EXPLANATORY STATEMENT — DEREGISTRATION OF SECURITIES

 

This Post-Effective Amendment (this “Post-Effective Amendment”) relates to the following Registration Statements of Fibrocell Science, Inc. (the “Company”) on Form S-3 (the “Registration Statements”):

 

·                  Registration Statement No. 333-229307, registering 443,350 shares of common stock, par value $0.001 per share (“Common Stock”), of the Company.

·                  Registration Statement No. 333-209077, registering an indeterminate number of shares of Common Stock and preferred stock, an indeterminate principal amount of debt securities, an indeterminate number of warrants to purchase Common Stock, preferred stock or debt securities, and an indeterminate number of units and an indeterminate number of subscription rights as shall have an aggregate initial offering price not to exceed $150,000,000, and Common Stock having an aggregate offering price of up to $50,000,000.
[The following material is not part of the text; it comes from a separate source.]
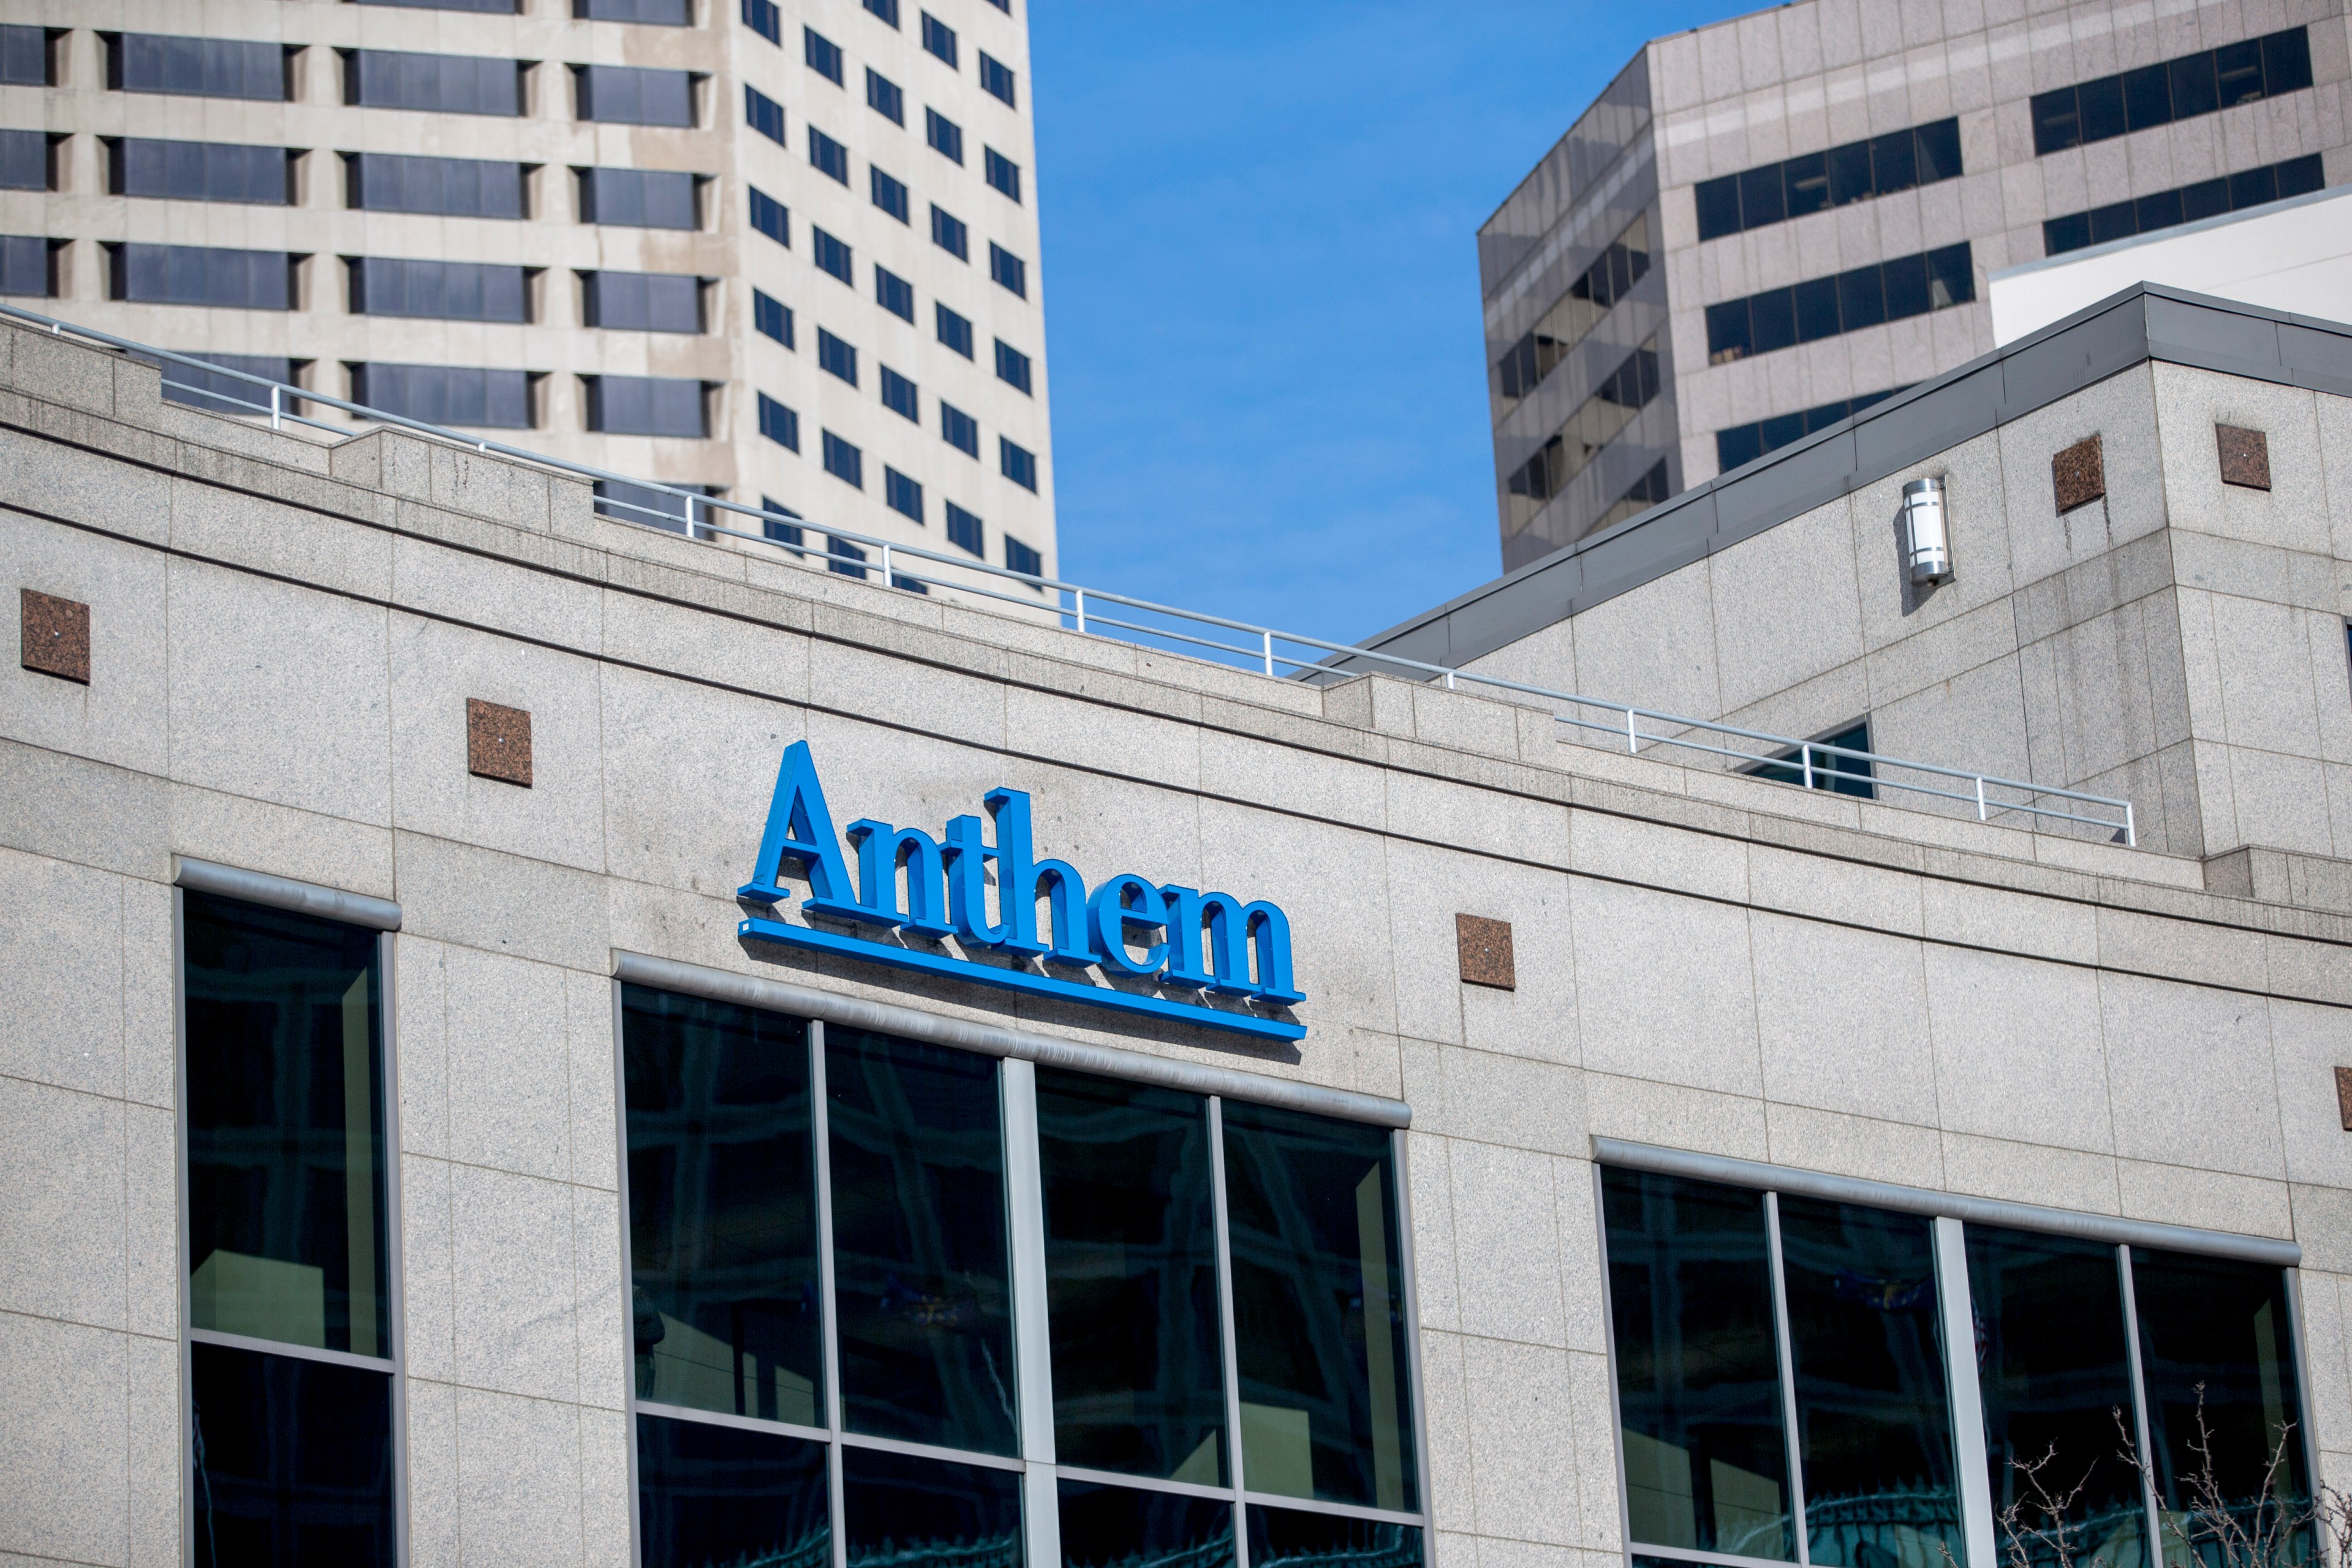 A building exterior with a blue sign for Anthem Blue Cross

·                  Registration Statement No. 333-185466, registering up to 250,000,000 shares of Common Stock of the Company.

·                  Registration Statement No. 333-185463, registering up to 64,703,392 shares of Common Stock of the Company.

 

On December 13, 2019 (the “Effective Time”), the Company completed the merger contemplated by the Agreement and Plan of Merger (the “Merger Agreement”), dated as of September 12, 2019, among the Company, Castle Creek Pharmaceutical Holdings, Inc. (“Castle Creek”) and Castle Creek Merger Corp., a wholly owned subsidiary of Castle Creek (“Merger Sub”). Pursuant to the Merger Agreement, Merger Sub was merged with and into the Company (the “Merger”), with the Company surviving the Merger as a wholly-owned subsidiary of Castle Creek. Upon consummation of the Merger, at the Effective Time, each share of common stock of the Company issued and outstanding immediately prior to the Effective Time (other than shares held directly by Castle Creek or Merger Sub and shares owned by Company stockholders who have exercised their appraisal rights under Delaware law) was automatically converted into the right to receive $3.00 in cash, without interest.

 

As a result of the Merger, the Company has terminated any and all offerings of its securities pursuant to the Registration Statements. Accordingly, the Company hereby terminates the effectiveness of the Registration Statements and, in accordance with the undertakings made by the Company in the Registration Statements to remove from registration, by means of a post-effective amendment, any securities that had been registered for issuance but remain unsold at the termination of the offering, removes from registration any and all securities of the Company registered but unsold under the Registration Statements as of the date hereof.

 

2


 

SIGNATURES

 

Pursuant to the requirements of the Securities Act of 1933, as amended, and Rule 478 thereunder, the registrant certifies that it has reasonable grounds to believe that it meets all of the requirements for filing on Form S-3 and has duly caused this Post-Effective Amendment to the Registration Statements on Form S-3 to be signed on its behalf by the undersigned, thereunto duly authorized, in the City of Exton, State of Pennsylvania, on December 13, 2019.

 

 

 

FIBROCELL SCIENCE, INC.

 

 

 

By:

/s/ John M. Maslowski

 

Name:

John M. Maslowski

 

Title:

President and Chief Executive Officer

 

Note:  No other person is required to sign this Post-Effective Amendment to the Registration Statements in reliance on Rule 478 under the Securities Act of 1933, as amended.